01/13/2026 | Press release | Distributed by Public on 01/13/2026 05:06
| Item 1.01 |
Entry into a Material Definitive Agreement. |
On January 11, 2026, Offerpad Solutions Inc., a Delaware corporation (the "Company"), entered into a securities purchase agreement (the "Purchase Agreement") with the purchasers named therein (together, the "Purchasers"), providing for the issuance and sale by the Company of an aggregate of 10,000,000 shares (the "Shares") of the Company's Class A common stock, $0.0001 par value per share (the "Common Stock"). The Shares are being offered and sold for a purchase price of $1.80 per Share, for gross proceeds of $18.0 million, before deducting placement agent fees and other offering expenses.
The Shares were offered pursuant to an effective shelf registration statement on Form S-3(File No. 333- 270994) (the "Registration Statement") and a related prospectus supplement filed with the Securities and Exchange Commission (the "Offering").
The Offering is expected to close on January 13, 2026, subject to the satisfaction of customary closing conditions.
Pursuant to the Purchase Agreement, the Company agreed not to issue any shares of Common Stock (or securities exercisable or exchangeable for Common Stock) or to enter into any "variable rate transactions" for 60 days following the closing of the Offering, in each case as further described in the Purchase Agreement and subject to certain exceptions set forth therein.
On January 11, 2026, in connection with the foregoing transactions, the Company entered into a placement agency agreement (the "Placement Agreement") with A.G.P./Alliance Global Partners (the "Placement Agent") pursuant to which the Placement Agent served as the exclusive placement agent in connection with the Offering. The Company agreed to pay the Placement Agent a fee in cash equal to 5.0% of the aggregate gross proceeds from the sale of the Shares. The Company also agreed to reimburse the Placement Agent for out-of-pocketexpenses, including the reasonable fees of legal counsel not to exceed $50,000.

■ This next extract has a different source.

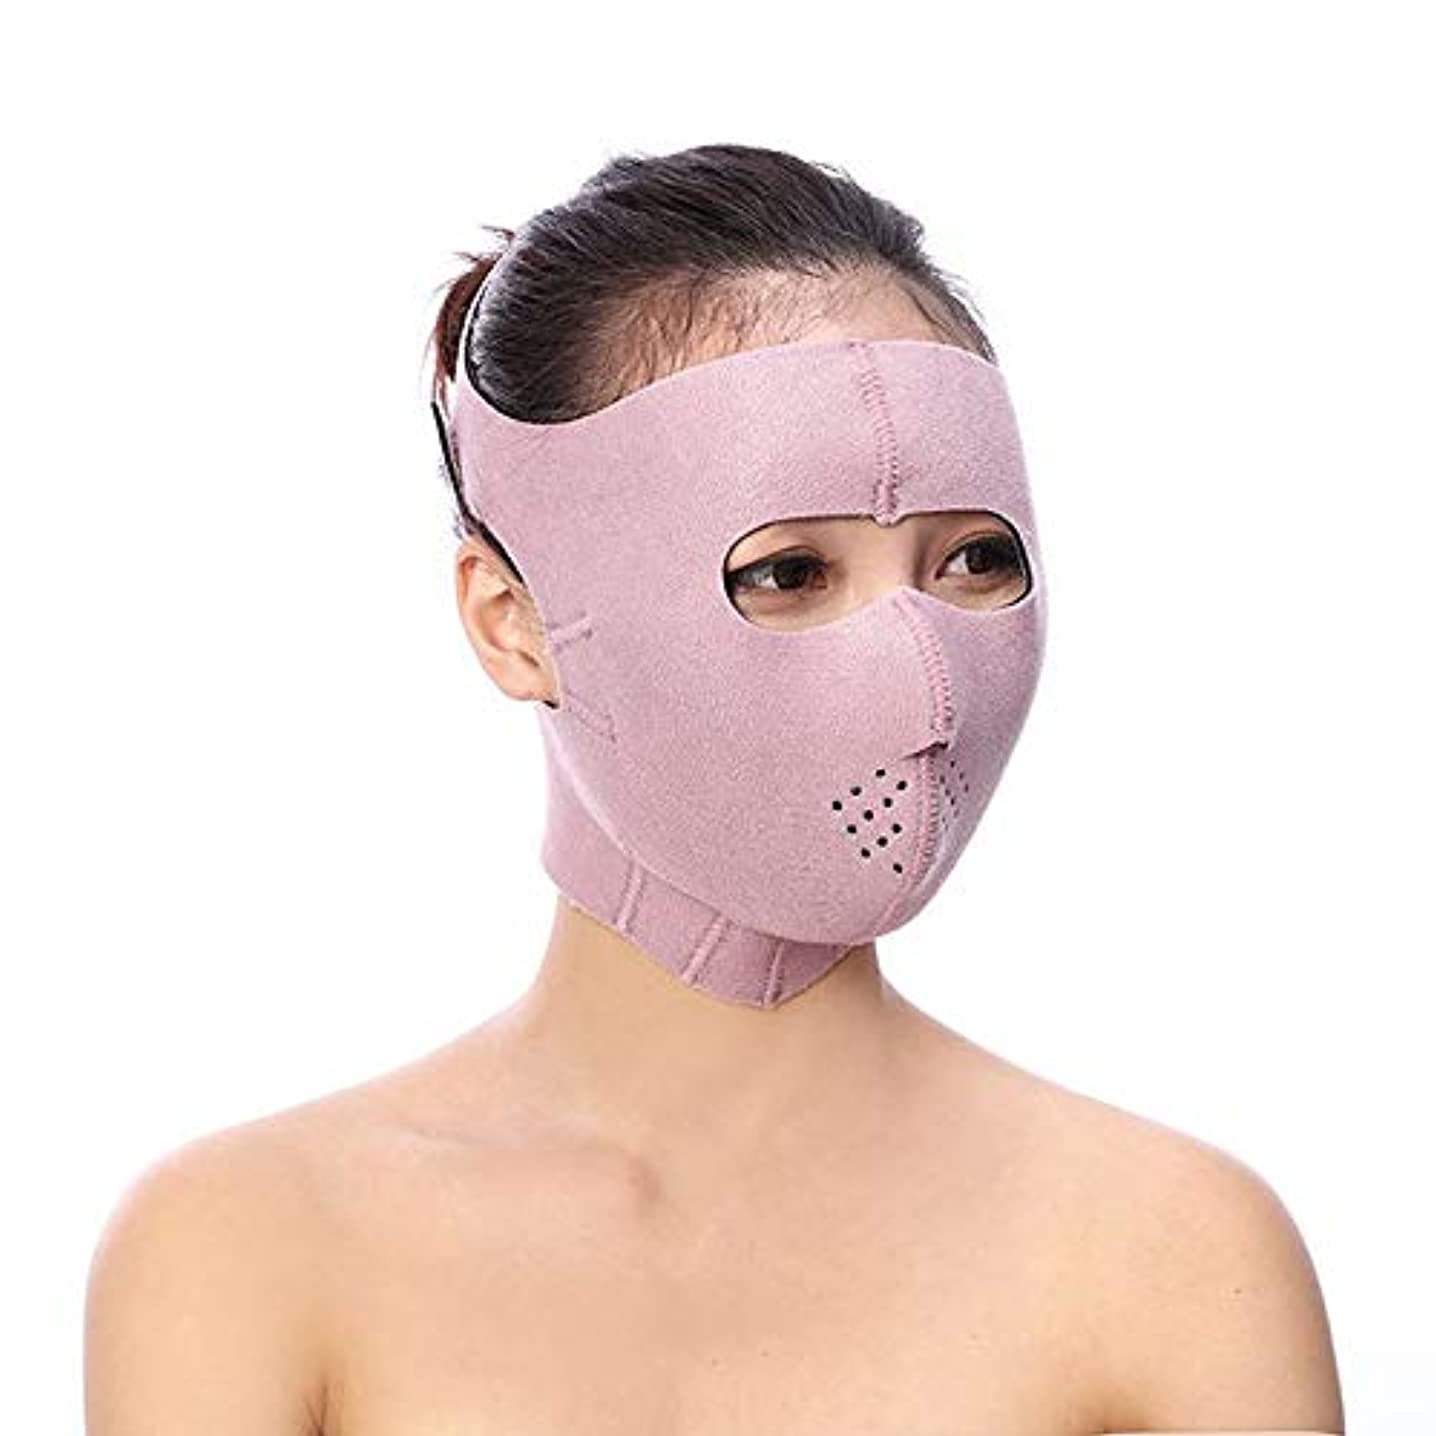 Jia Jia- フェイシャルリフティング痩身ベルト - Vフェイス包帯マスクフェイシャルマッサージャー無料の薄いフェイス包帯整形マスクを引き締める顔と首の顔スリム 顔面包帯

The Purchase Agreement and the Placement Agreement contain customary representations, warranties, covenants, indemnification obligations of the Company, the Purchasers and the Placement Agent, and other obligations of the parties. The representations, warranties and covenants contained therein were made only for purposes of such agreements and as of specific dates, were solely for the benefit of the parties thereto, and may be subject to limitations agreed upon by the contracting parties.
The foregoing descriptions of the Placement Agreement and the Purchase Agreement do not purport to be complete and are qualified in their entirety by reference to the full text thereof, which are included as Exhibits 1.1 and 10.1 hereto, respectively, and are incorporated by reference herein.
A copy of the legal opinion of Latham & Watkins LLP relating to the validity of the issuance and sale of the Shares in the Offering is filed as Exhibit 5.1 to this Current Report on Form 8-Kand is filed with reference to, and is hereby incorporated by reference into, the Registration Statement.